A subdomain is implemented using a technology stack, which consists of various technology elements, such as frameworks, libraries and a language runtime. Different subdomains might need to use different technology stacks. Also, an application’s technology stack(s) might change over time due to upgrades or changing requirements. Let’s look at how the need to use and evolve multiple technology stacks acts as a repulsive force between subdomains.
A subdomain might use a technology stack simply because it’s the one chosen for the entire application. A Java application might, for example, use Java 17, Spring Boot 3.x, etc. But sometimes, a subdomain might have distinct needs that require a specific stack. A machine learning subdomain might, for instance, need to use Python.
Sometimes, a subdomain might outgrow its current technology, due to changing requirements. For example, as your application scales you might discover that Python is too slow and that you need to reimplement a subdomain using a high-performance language, such as Java or Rust.
The technology elements that comprise a technology stack evolve over time. New versions of a technology element are released and replace older versions. Also, sometimes a technology is replaced by a different technology. It’s essential that the technology stack remains current, both in terms of versions and its importance in the market.
There are three concerns related to technology stacks:
Let’s look at each of these in turn.
A component can typically only use single technology stack. As a result, if two subdomains are implemented using different technology stacks then it’s likely that they would need to be packaged as separate components. For example, a Java-based subdomain and a Rust-based subdomain could not be packaged together in the same component.
Moreover, unless you are using exotic technology, a Java component has a single classpath. There can be only a single version of a given (Maven) dependency on that classpath. As a result, all of a component’s subdomains must use the same versions of all dependencies. As a result, two Java-based subdomains that use different versions of the same library must be packaged as different components.
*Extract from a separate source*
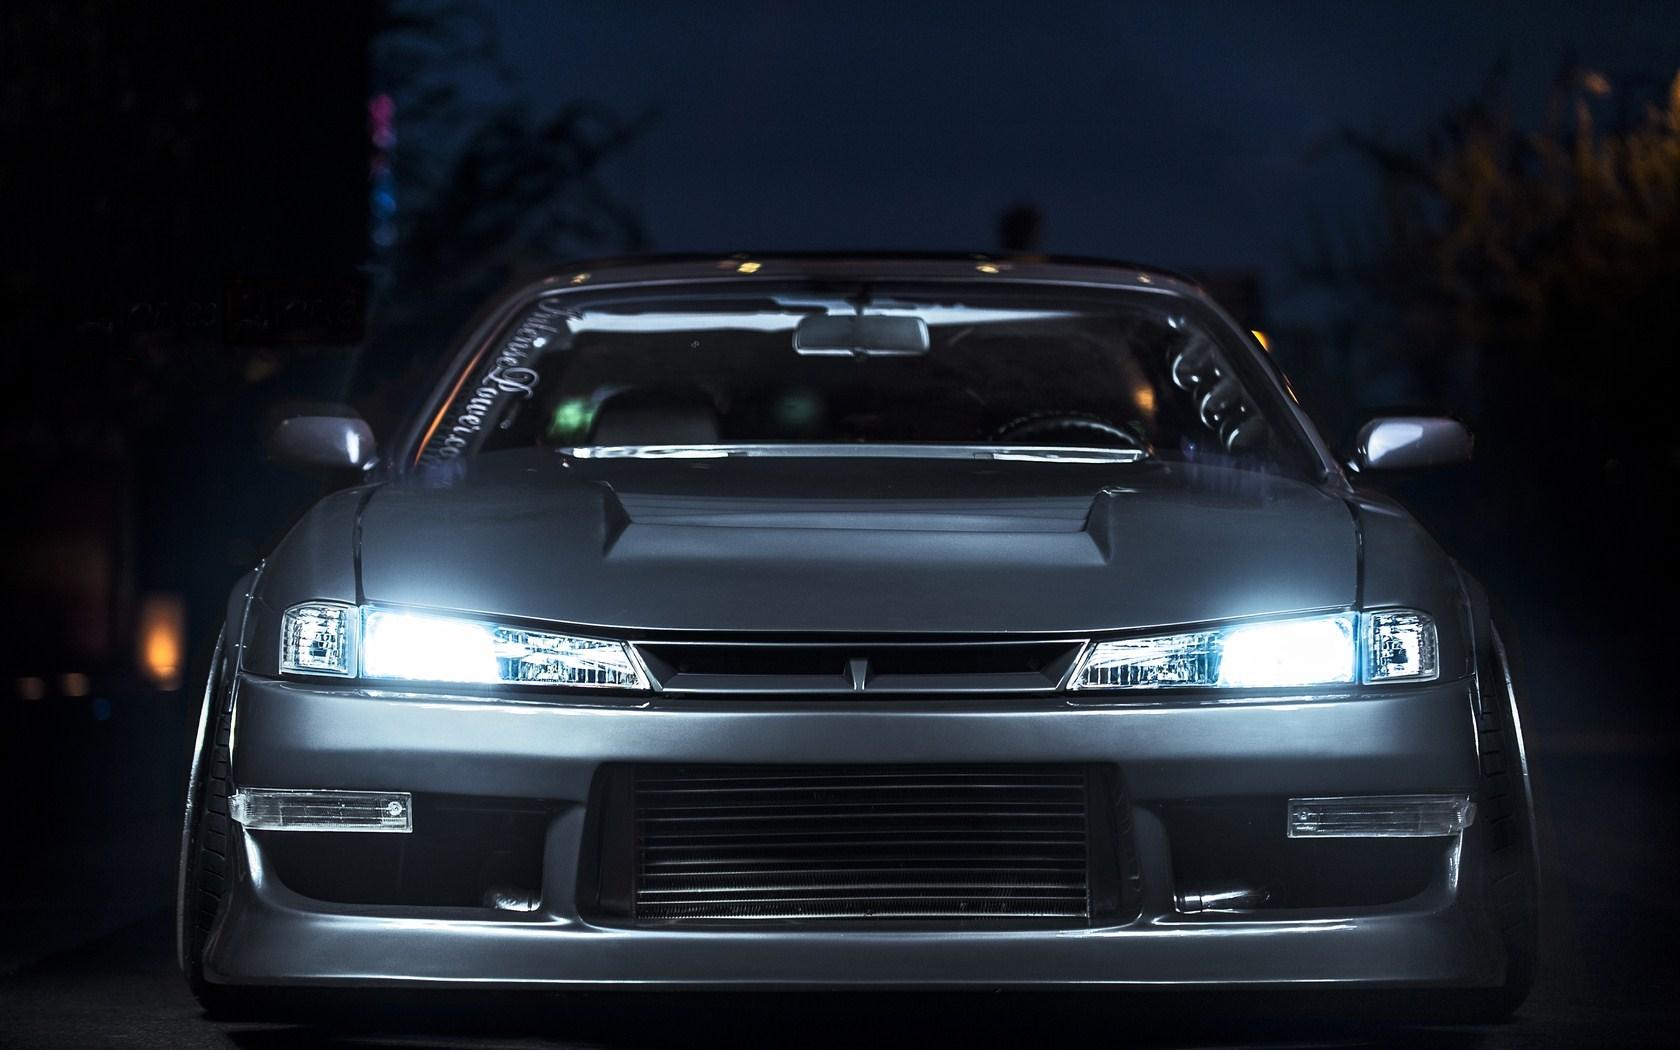 Nissan silva s14

As described earlier, technologies evolve and it’s important to keep an application’s technology stacks current. An application can be upgraded one component at a time. But, a component must be upgraded in its entirely - it cannot be upgraded incrementally. The effort required to upgrade a component is proportional to its size. Small upgrade tasks are less risky and much easier to schedule than a single big bang upgrade.
Consequently, it’s far easier to maintain an application if it consists of small components. In other words, you should strive to package subdomains as separate components.
Managing is an application’s technology stacks involves more than just upgrading to the latest versions. From time to time, you need to replace technologies that have become obsolete due to market trends. Or, you might need to change a subdomain’s implement technology stack to meet changing requirements.
To find a replacement technology, it’s best to experiment with candidate technologies. For example, let’s imagine that to improve performance you need to reimplement a Python-based service using a high performance language. There are lots of potential candidates: Java/JVM, Python or Rust. If your organization doesn’t have an experience with those candidate languages then experiment: write some production code in one or more of those languages and evaluate the results.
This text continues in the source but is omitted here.